### Data records
▽
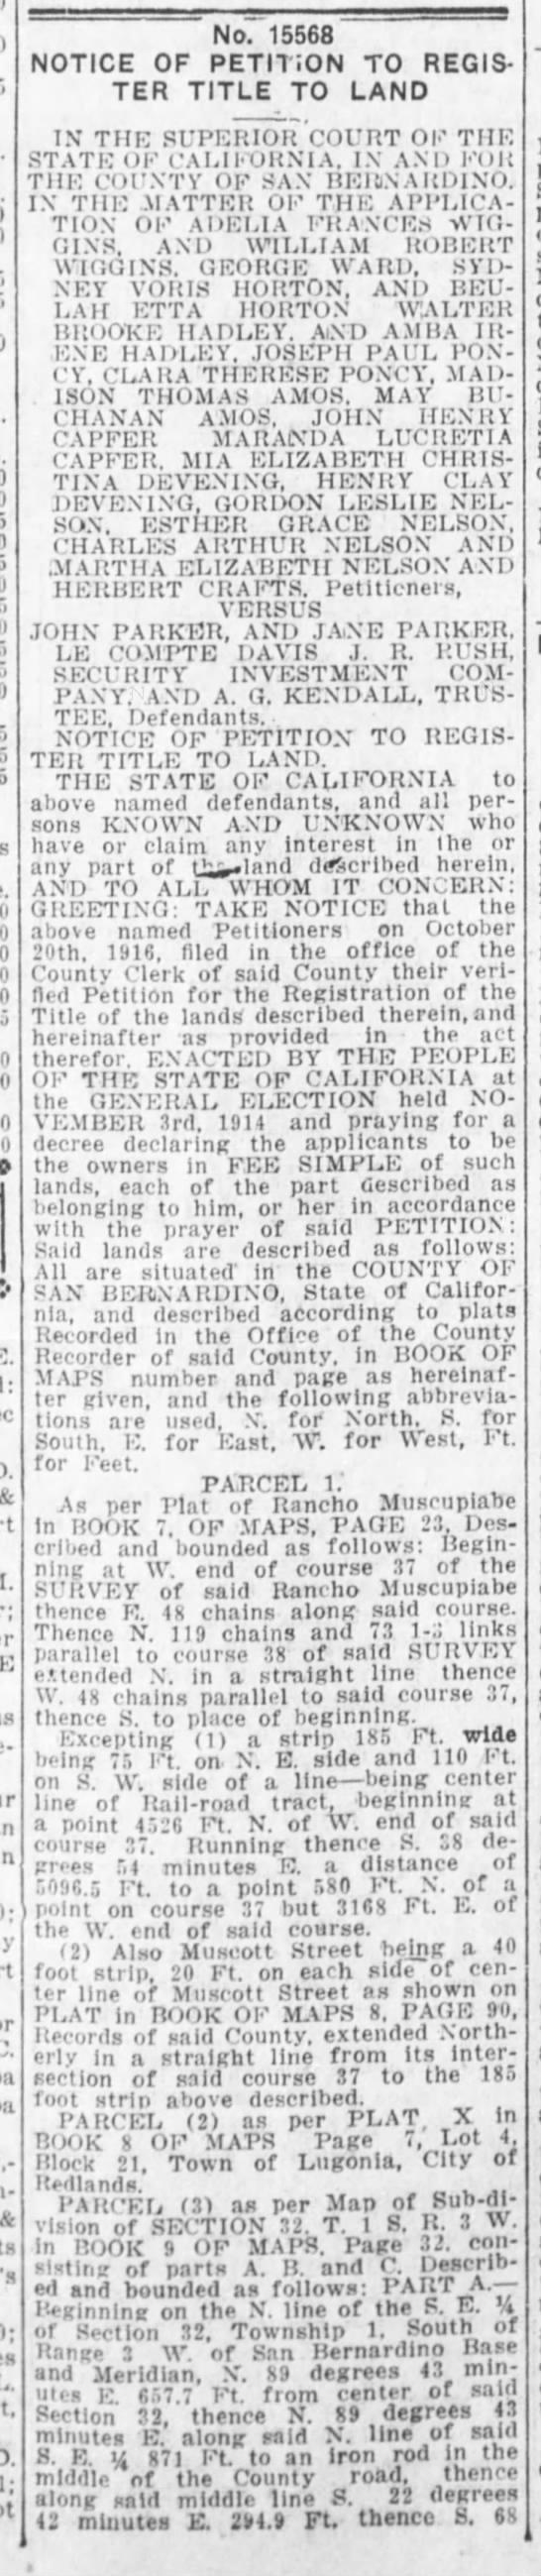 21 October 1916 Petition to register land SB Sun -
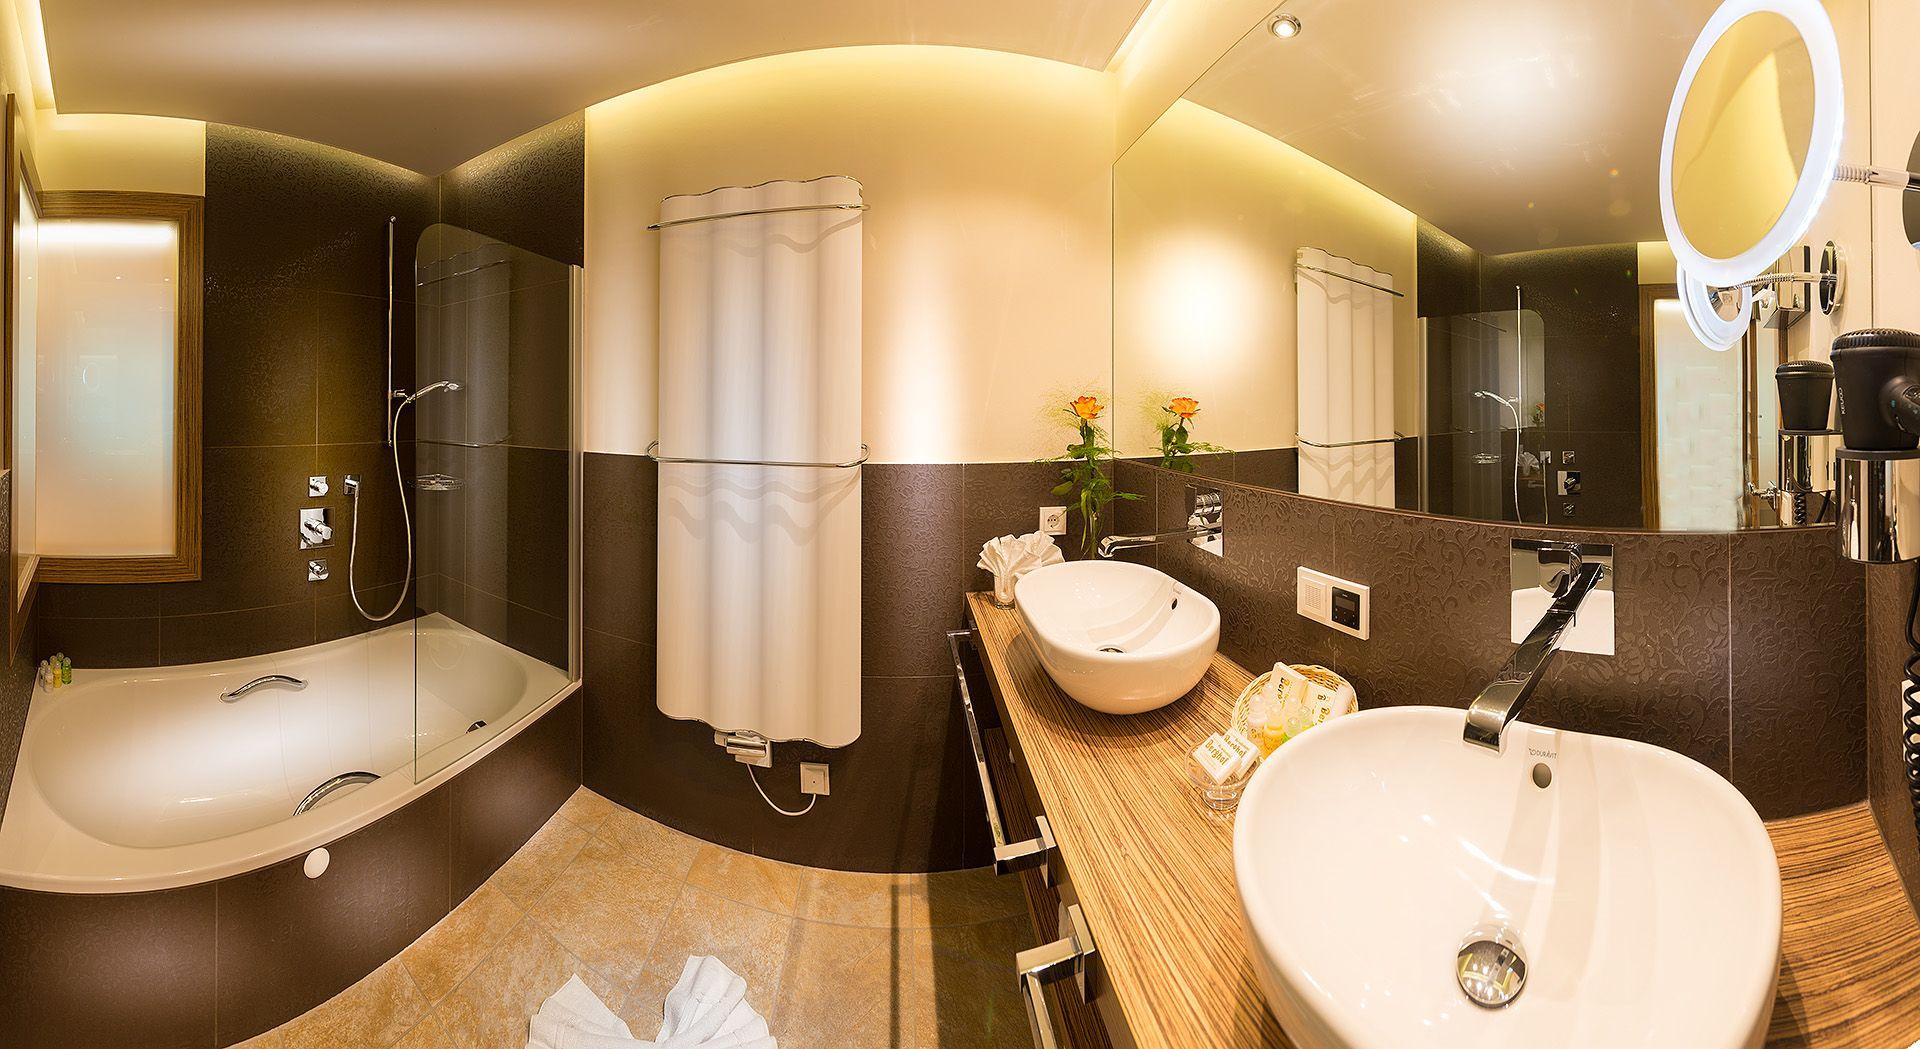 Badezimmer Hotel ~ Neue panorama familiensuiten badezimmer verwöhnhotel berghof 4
△
▽
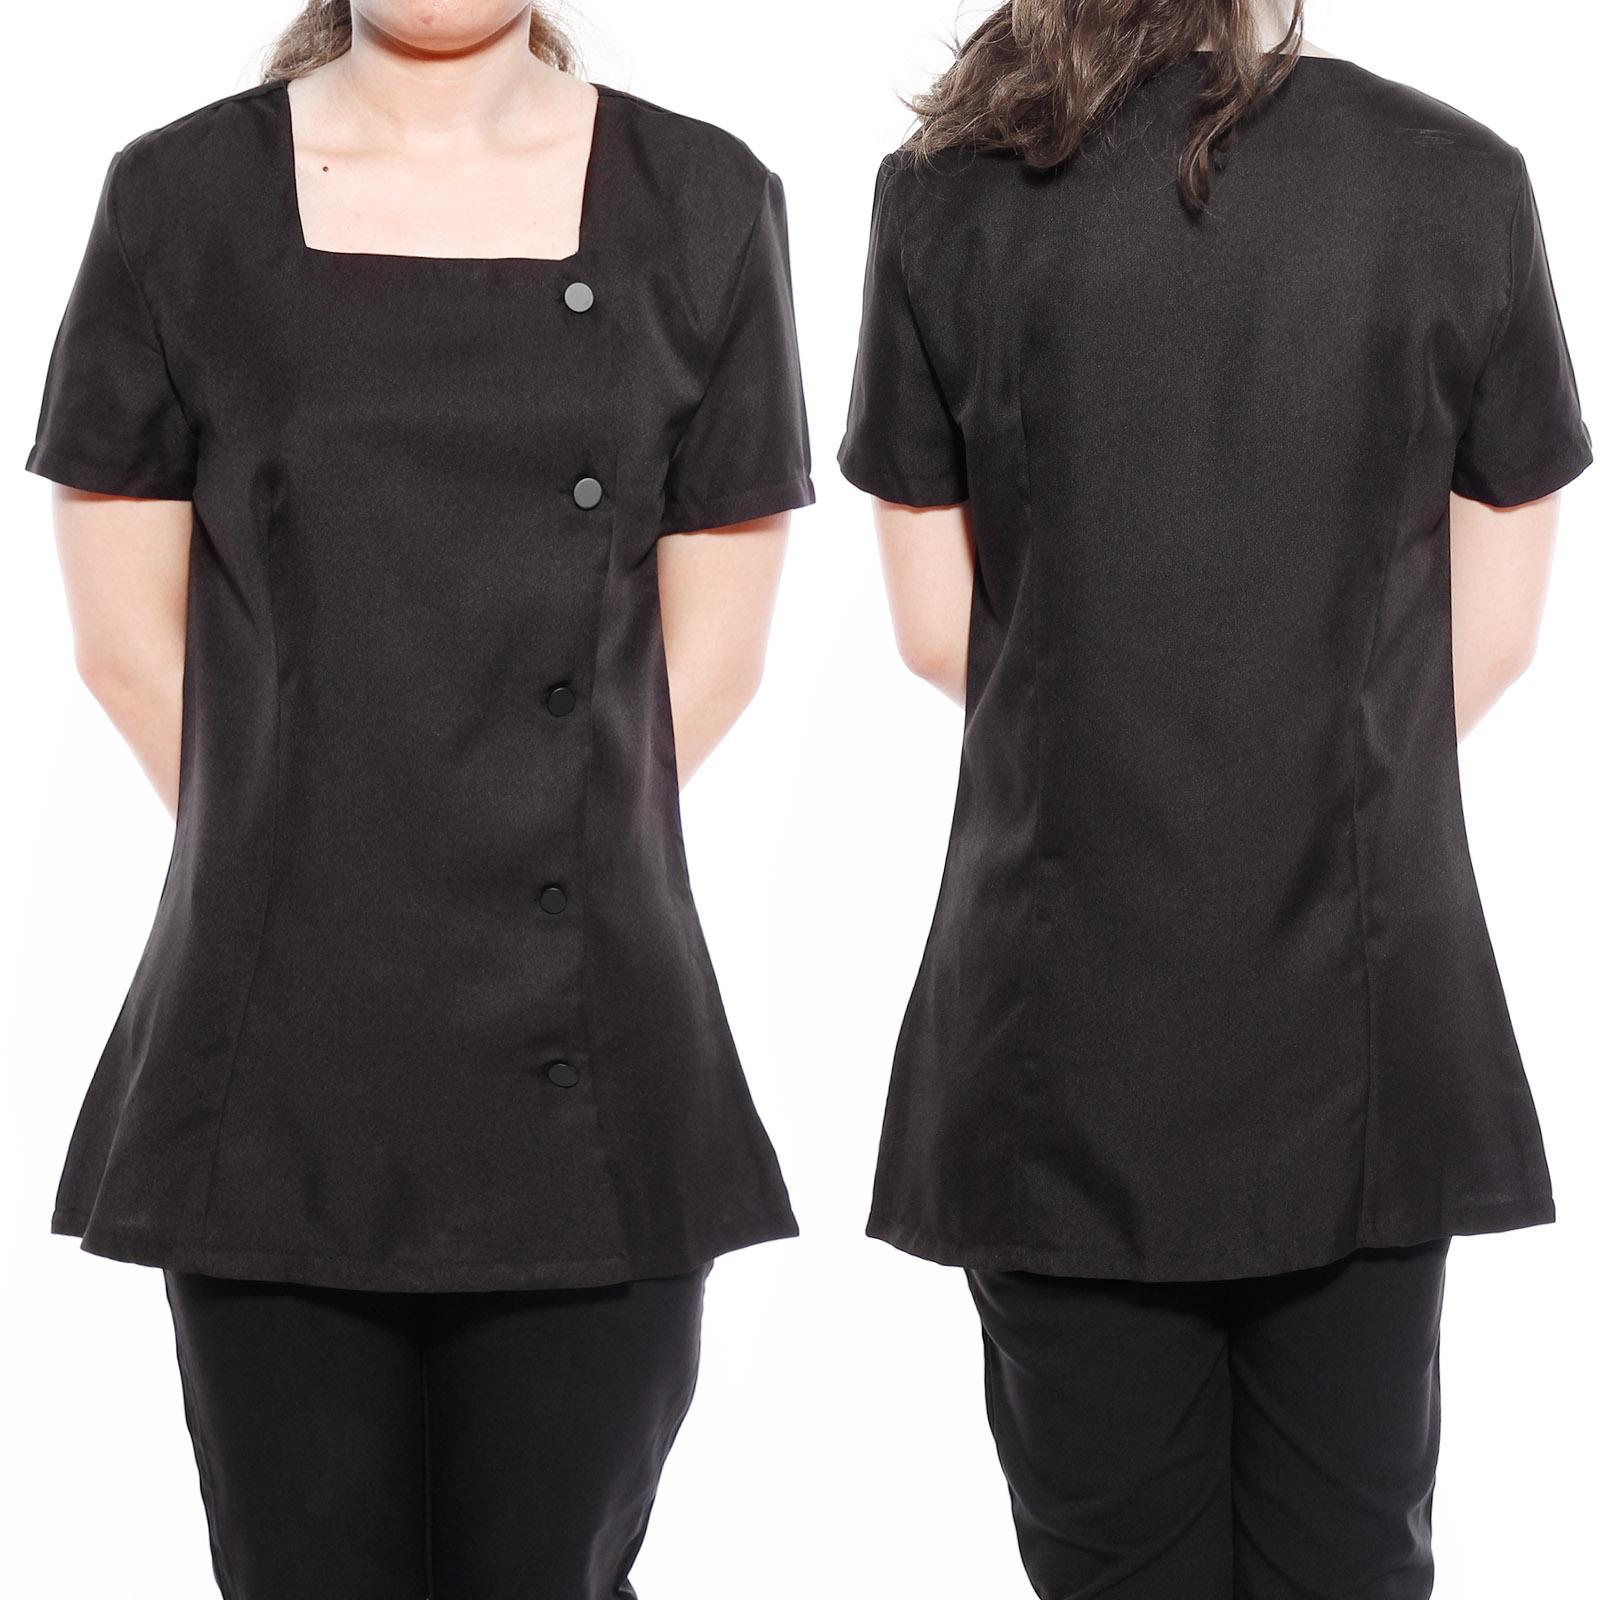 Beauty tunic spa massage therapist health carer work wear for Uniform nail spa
△
### Exercise directions
Extract the part of the records that opens with the line containing "21 October 1916" and closes with the line containing "Badezimmer Hotel ~". Take only those lines, exactly, and no pictures.

### Solution to the problem
 21 October 1916 Petition to register land SB Sun -
 Badezimmer Hotel ~ Neue panorama familiensuiten badezimmer verwöhnhotel berghof 4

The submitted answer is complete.